(Recorded data)
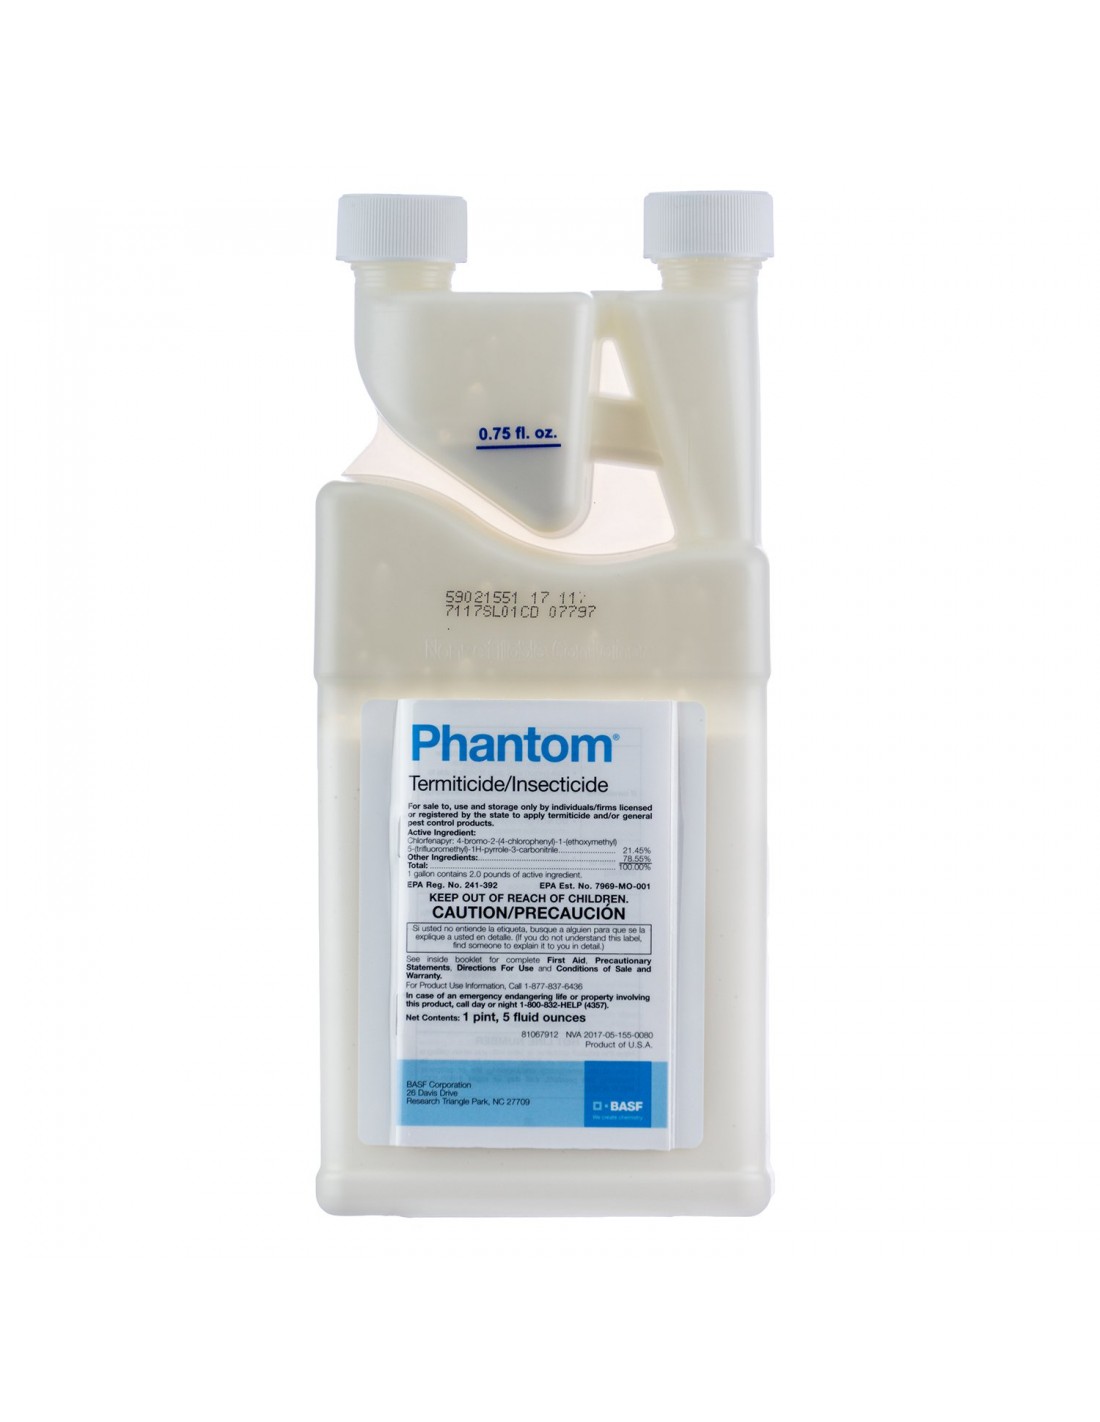 is  phantom safe for indoor use and around pets
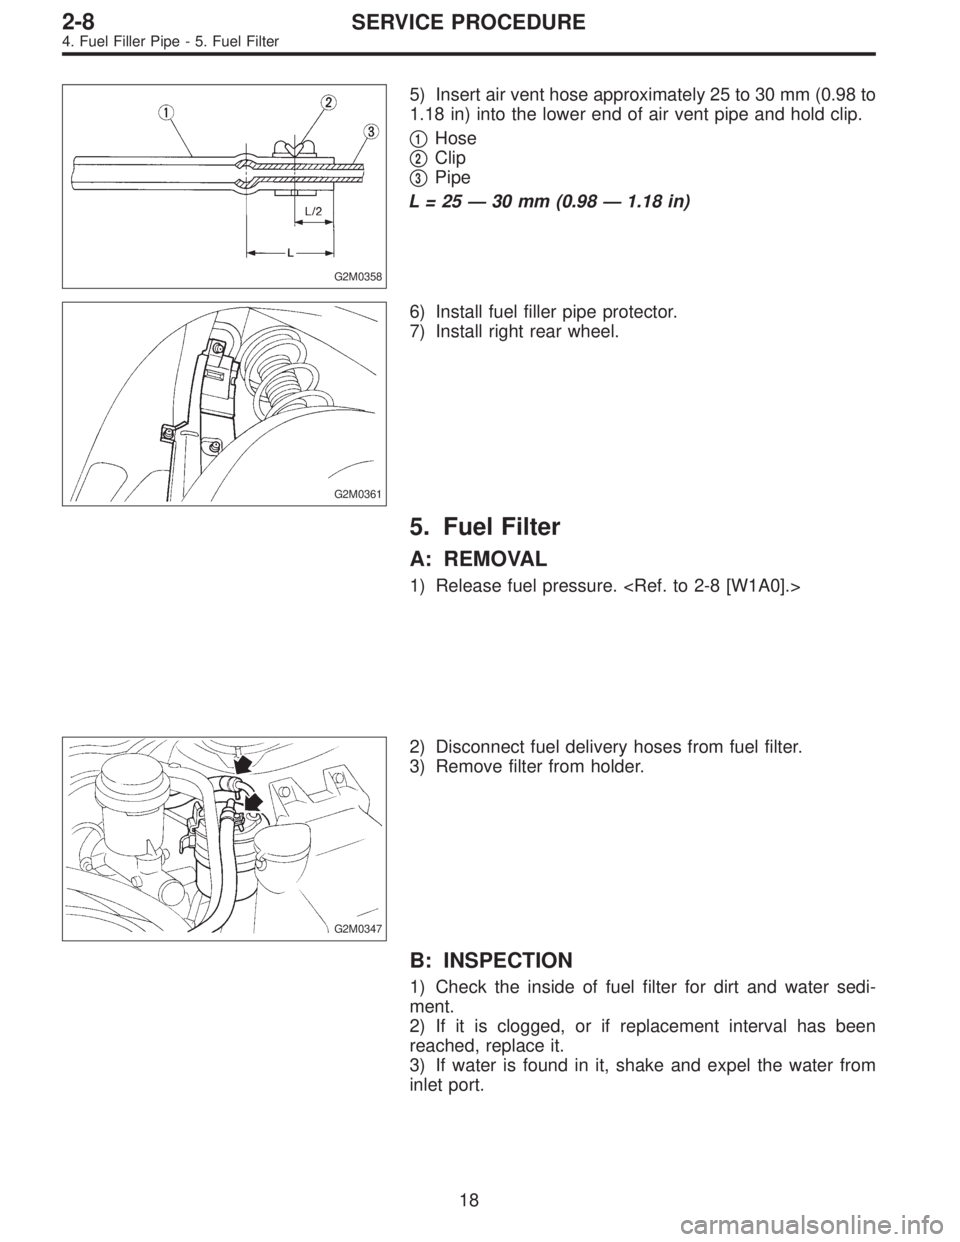 SUBARU LEGACY 1997  Service Repair Manual G2M0358
5) Insert air vent hose approximately 25 to 30 mm (0.98 to
1.18 in) into the lower end of air vent pipe and hold clip.

1Hose

2Clip

3Pipe
L=25—30 mm (0.98—1.18 in)
G2M0361
6) Install 
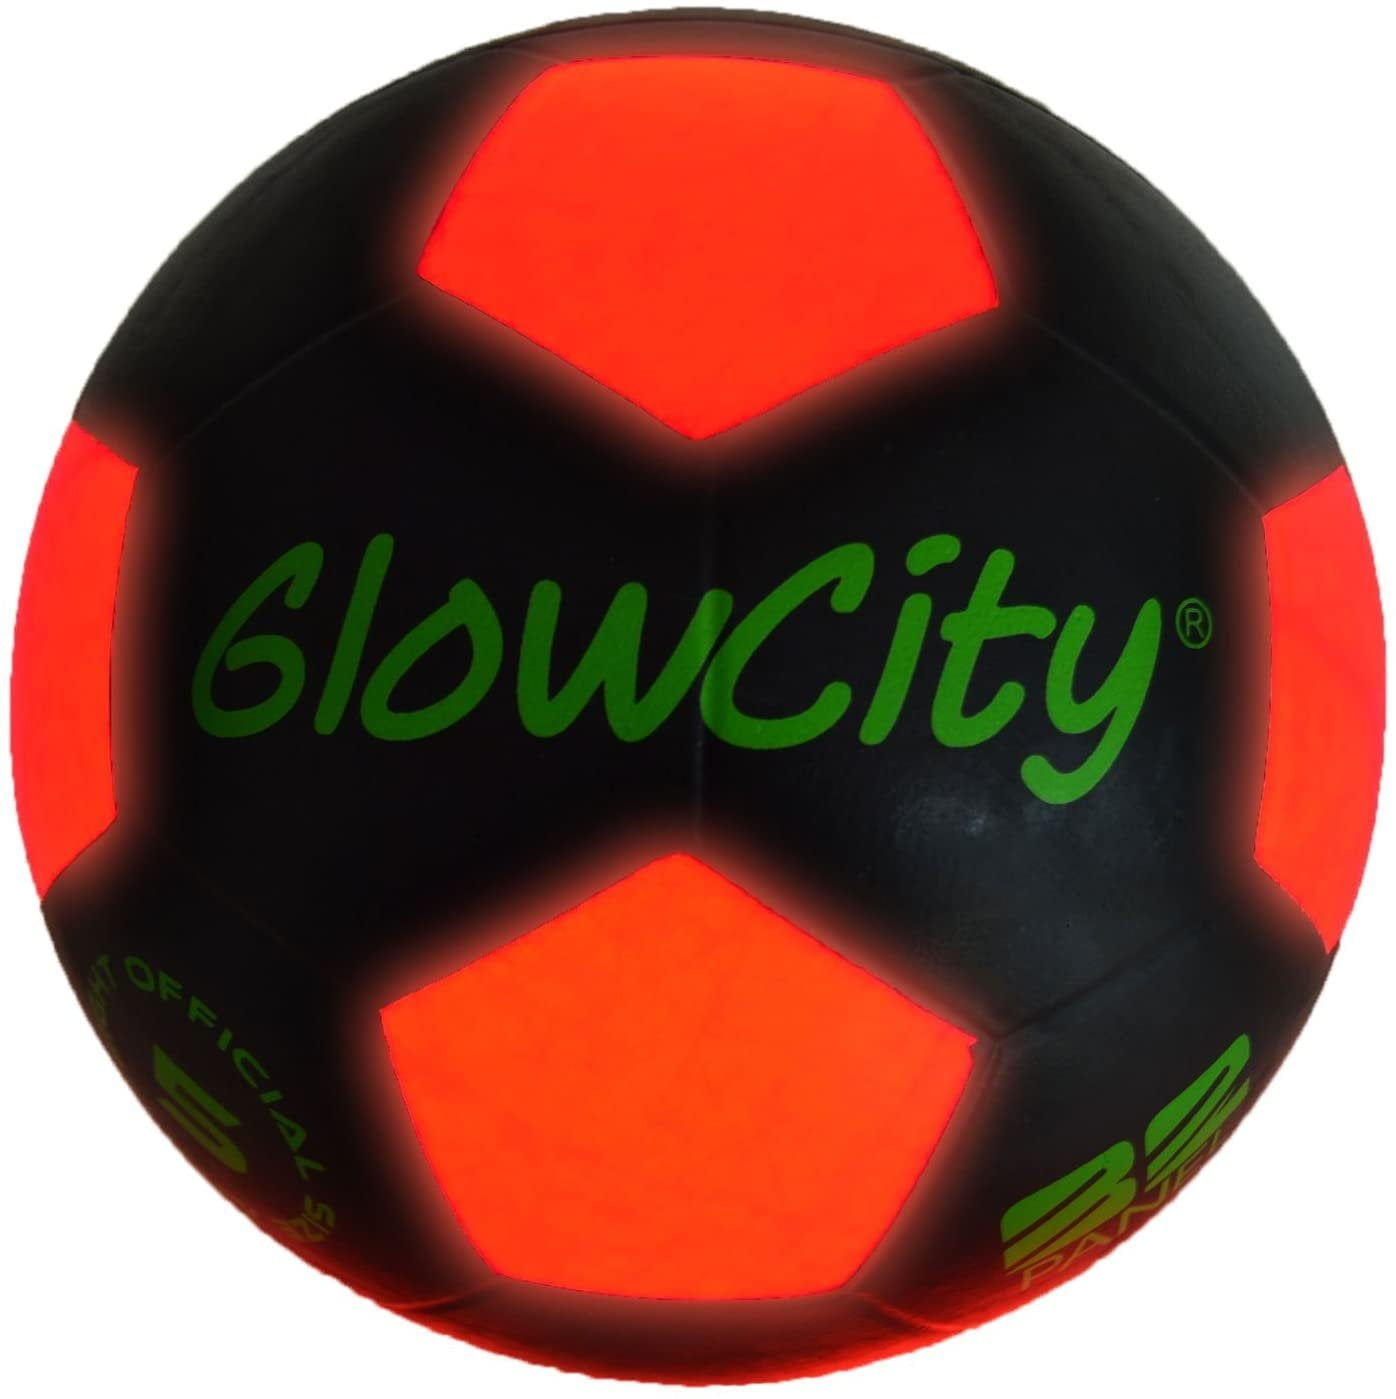 Light Up GlowCity Glow in The Dark Football Official Size Footballs for Kids, 
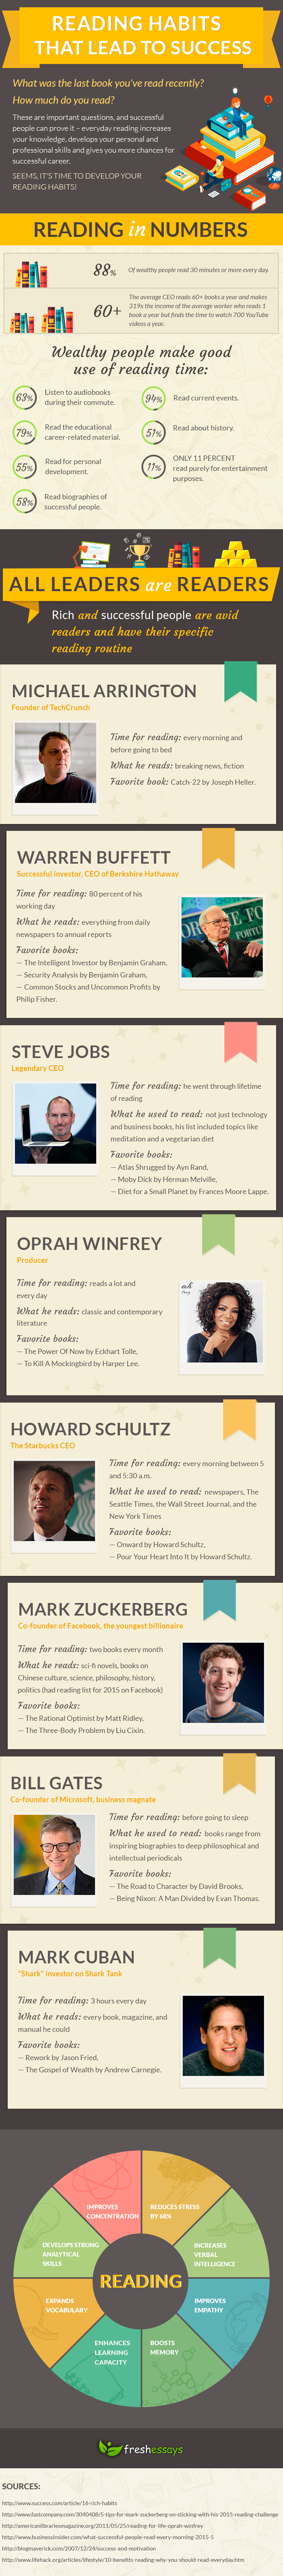 Reading Habits  that lead to success infographic | From the blog of Nicholas C. Rossis, author of science fiction, the Pearseus epic fantasy series and children's books
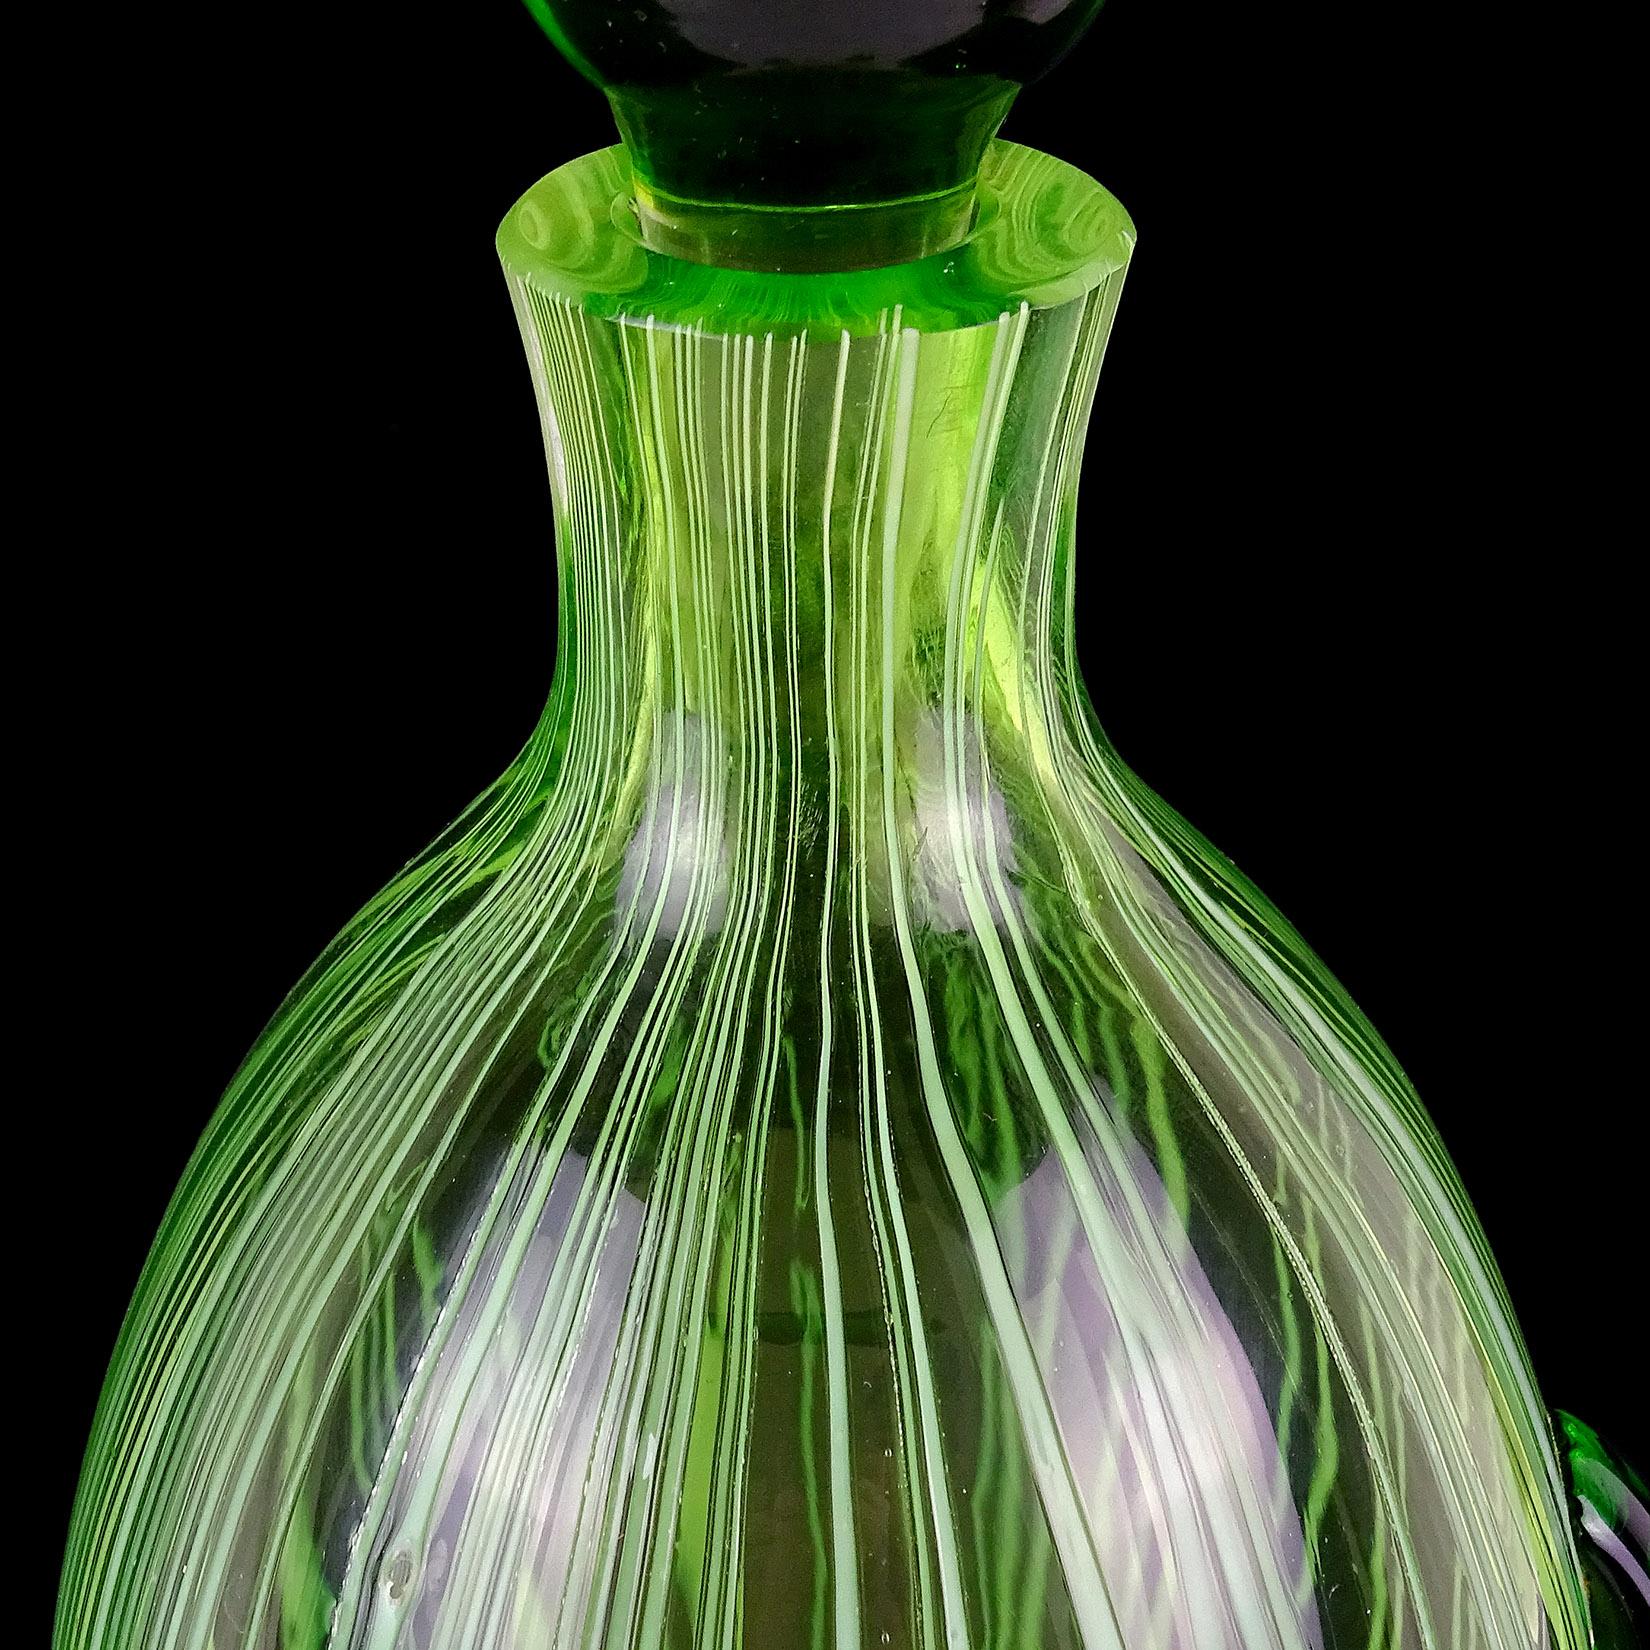 Hand-Crafted Fratelli Toso Murano Midcentury Green Clown Face Italian Art Glass Decanter

#### DIRECTIONS:
Write out the data above in full and exactly, but not the pictures.

#### ANSWER FOR THIS EXERCISE:
 is  phantom safe for indoor use and around pets
 SUBARU LEGACY 1997  Service Repair Manual G2M0358
5) Insert air vent hose approximately 25 to 30 mm (0.98 to
1.18 in) into the lower end of air vent pipe and hold clip.

1Hose

2Clip

3Pipe
L=25—30 mm (0.98—1.18 in)
G2M0361
6) Install 
 Light Up GlowCity Glow in The Dark Football Official Size Footballs for Kids, 
 Reading Habits  that lead to success infographic | From the blog of Nicholas C. Rossis, author of science fiction, the Pearseus epic fantasy series and children's books
 Hand-Crafted Fratelli Toso Murano Midcentury Green Clown Face Italian Art Glass Decanter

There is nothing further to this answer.